Crossbreeds were the second most targeted while cocker spaniels, springer spaniels and Labradors were also popular targets.

Regional data, revealed through Freedom of Information requests, found there was a 68 per cent rise in dog thefts in the North West, making it the UK’s hotspot.

London came second, followed by the South East and Yorkshire. Just over a fifth of dogs were reunited with their owners.

Madeline Pike, of Direct Line Pet Insurance, said: ‘Making sure the microchipping contact details are up to date can help identify a dog if it is stolen and handed in.’

She added: ‘It’s incredibly sad to see the number of dog thefts rising by such a large proportion in 2020.

‘Unfortunately, it seems the increase in dog ownership over lockdowns has also translated to a rise in dog thefts, as thieves know how valuable some of these breeds can be and see them as a commodity rather than a beloved member of the family.

‘The worry is these numbers will increase even further this year once dogs are left alone more as restrictions ease and we return to a new ‘normal’.

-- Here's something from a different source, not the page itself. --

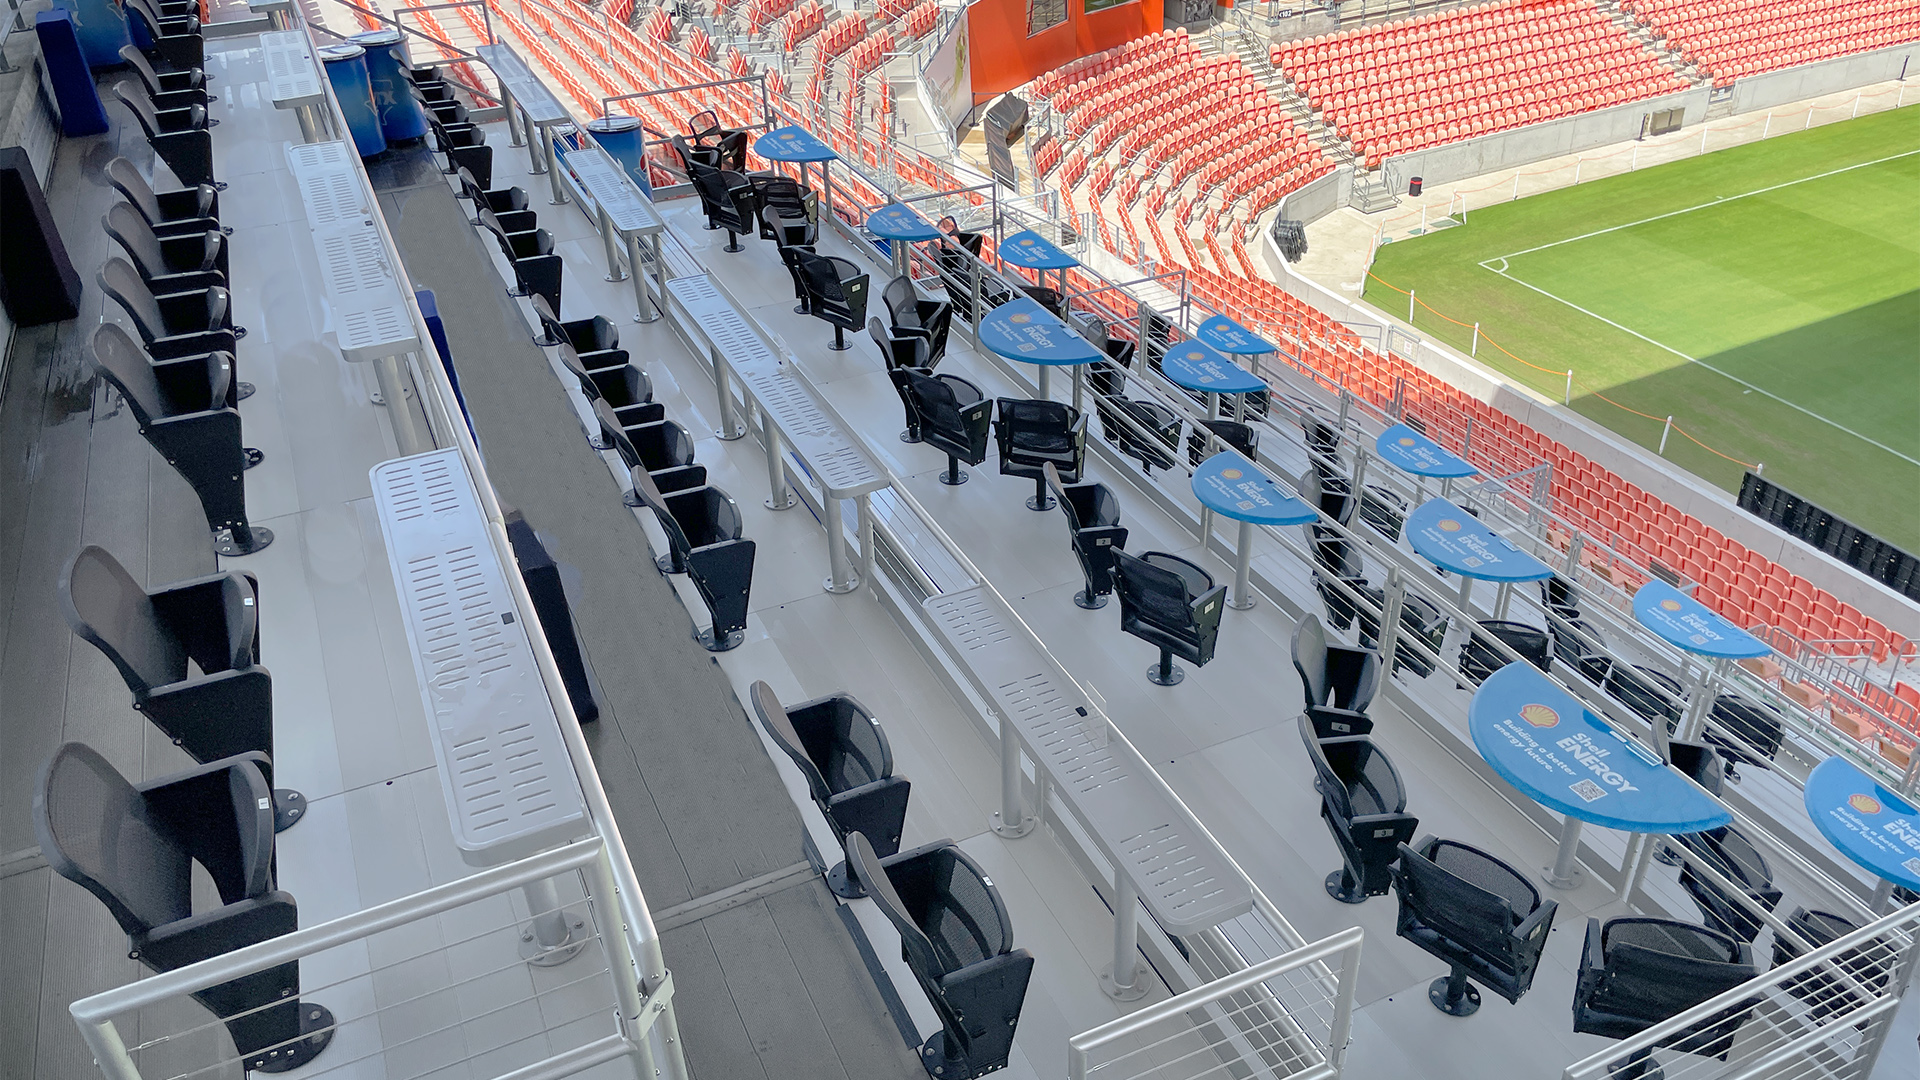 Houston Dynamo Stadium featuring a number of 4Topps Products including 4Topps Loge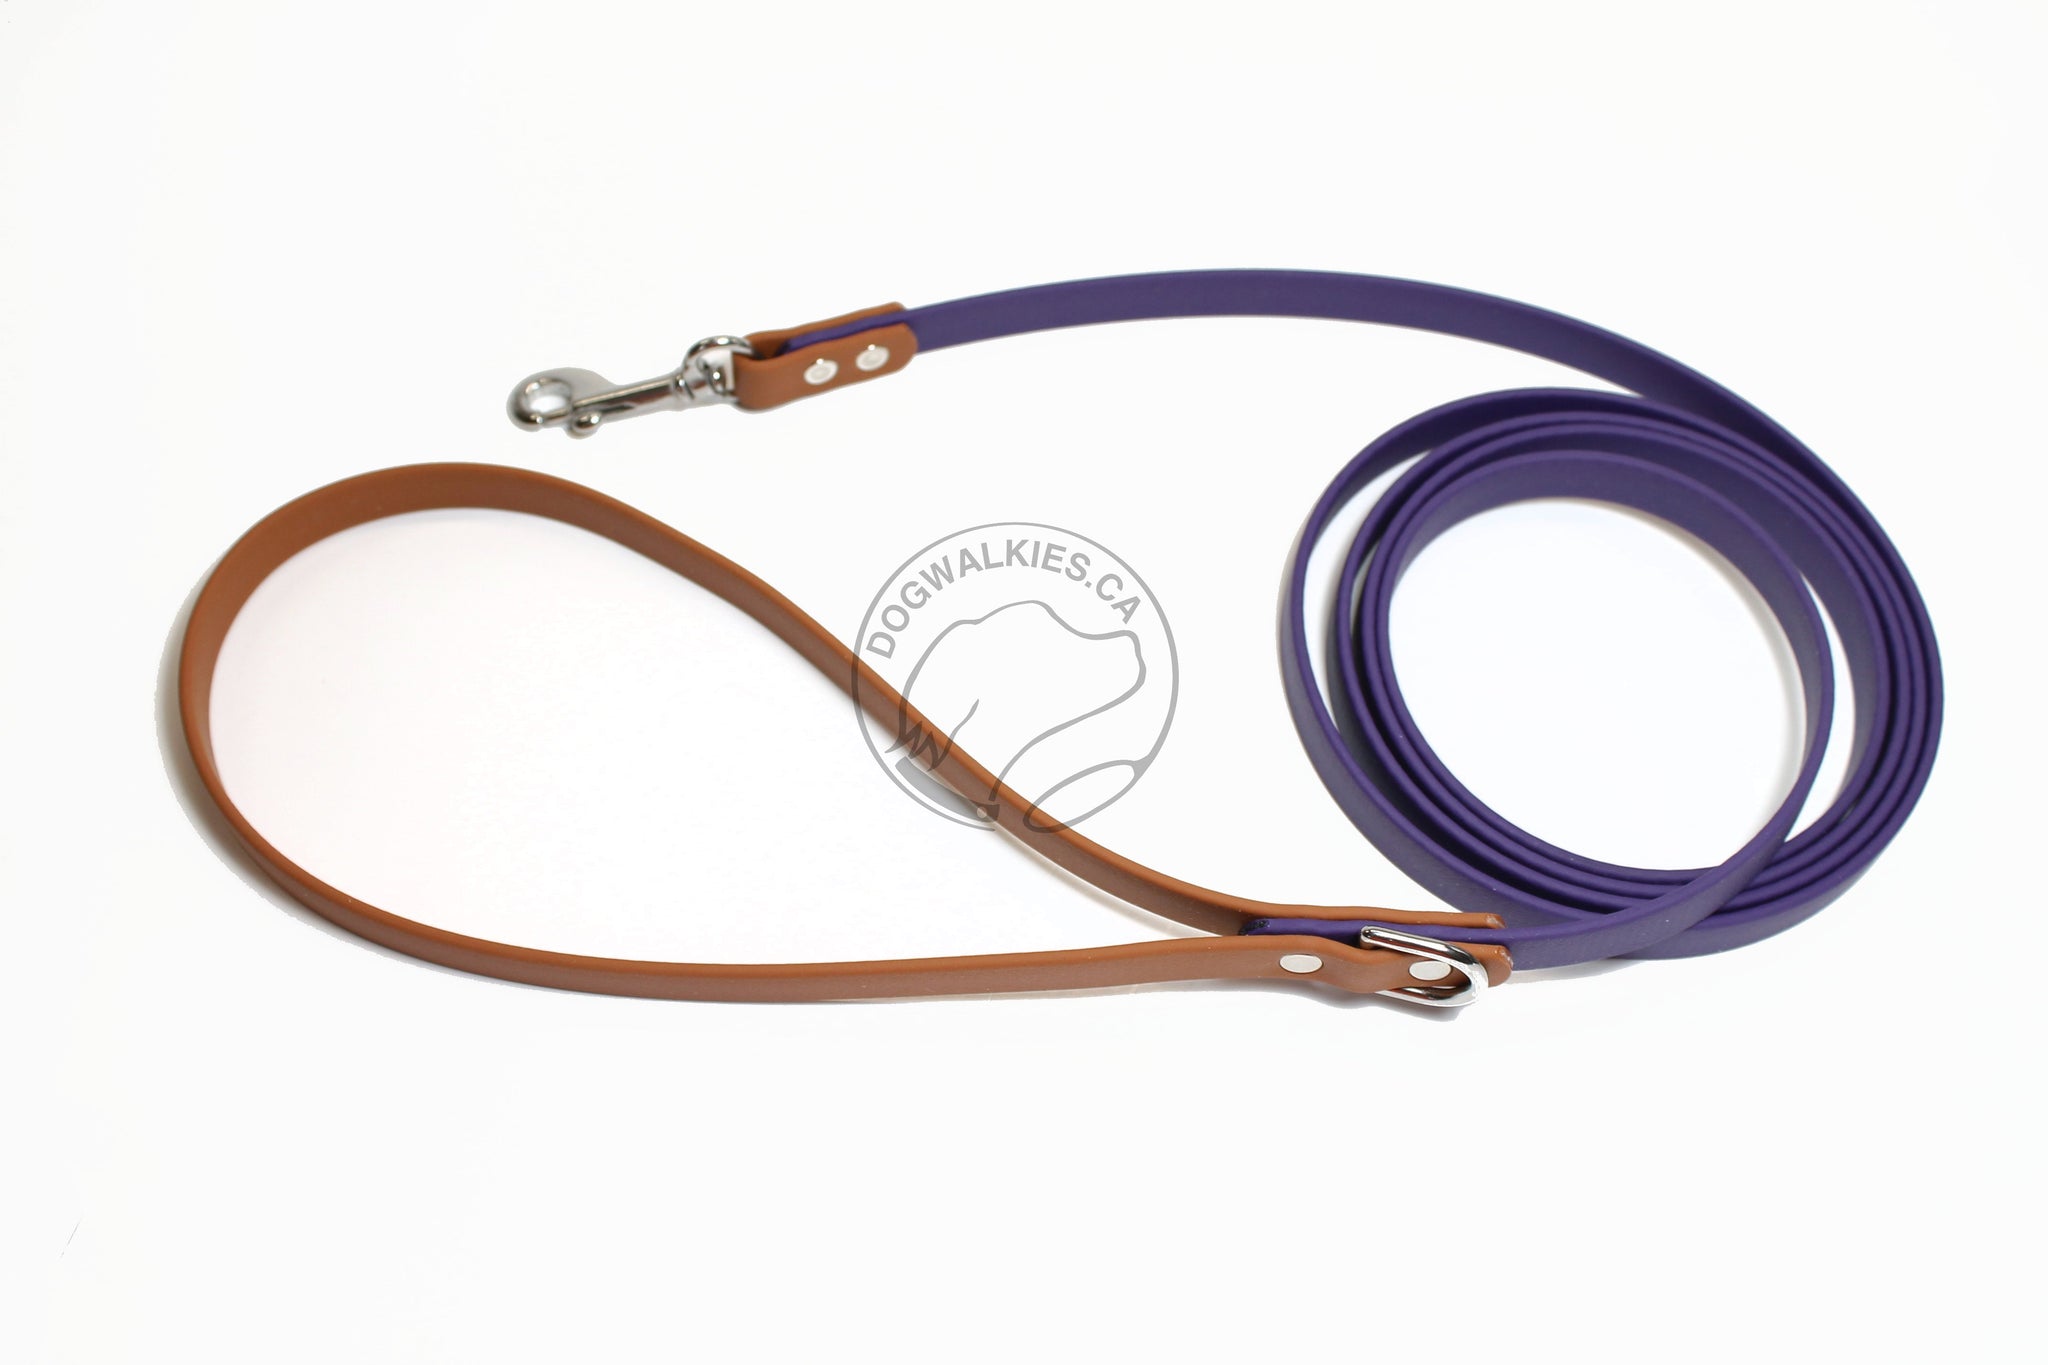 Buy Online Dog Leash Made From Beta Biothane Two Horse Tack

This year, Lady Gaga launched appeal after her French bulldogs were stolen at gunpoint in LA

‘Taking simple precautions like not leaving your dog tied up outside a shop or keeping it on the lead when in busy areas, will help reduce the likelihood of being targeted.’

Experts say the pandemic is likely to have had an impact on cases of dog theft, as ownership has soared since lockdown began in March last year.

Some 2.2 million people became dog owners during the first six months of the pandemic, with one in nine people spending more than £1,500 on a new puppy.

Earlier this year pop icon Lady Gaga launched an enormous appeal after two of her French bulldogs were stolen at gunpoint in Los Angeles.

Koji and Gustav were taken by a group of men who pulled up in a car and demanded her friend, who was out walking the animals, hand them over.

The dogs were found safe and unharmed two days after the incident, by a woman who was ‘uninvolved’ with the robbery.